Conserves natural resources -
Valuable material can be recovered from old electronics, and these materials can be used to make new products. For example, precious metals are used in computer circuit boards and other electronic components, and of course glass and plastics are used for tv and computer monitors. Recycling these products reduces the need to mine the Earth for new raw materials.
Supports the community -
Donating your old electronics supports schools, low-income families, and non-profit agencies by providing them with refurbished computers, cell phones, and other electronics. Individuals are helped by being able to access technology that they could not otherwise afford.
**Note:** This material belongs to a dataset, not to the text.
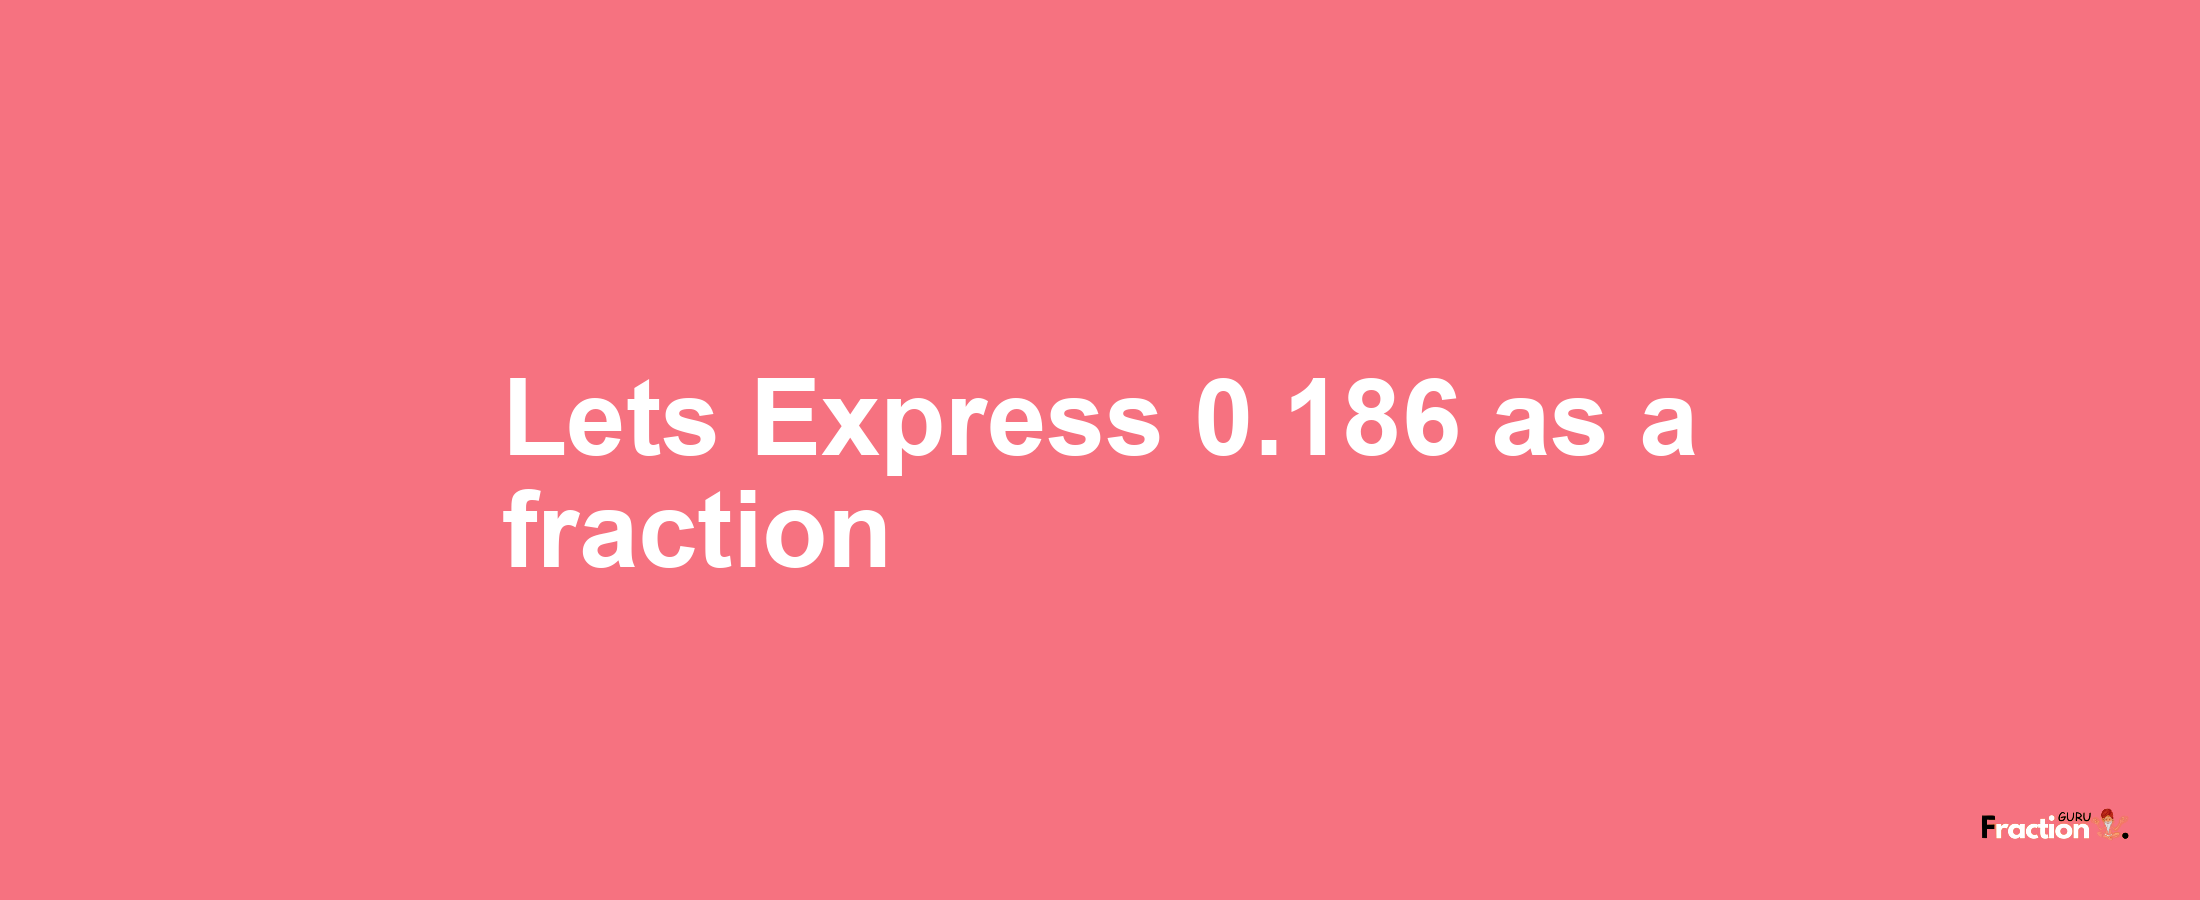 Lets Express 0.186 as afraction

Check with these groups first to make sure your equipment meets their needs.
Creates jobs locally –
As demand for electronics recycling grows, new businesses will be forming and existing companies will be looking to hire more people to staff their facilities to recover recyclable materials (more than 90% of electronic equipment is recycleable!).
Protect Public Health and the Environment -
Most electronics contain hazardous or toxic materials which can cause an environmental problem if discarded in the trash. Safely recycling and reusing electronics helps substances like lead and mercury from harming people or the environment.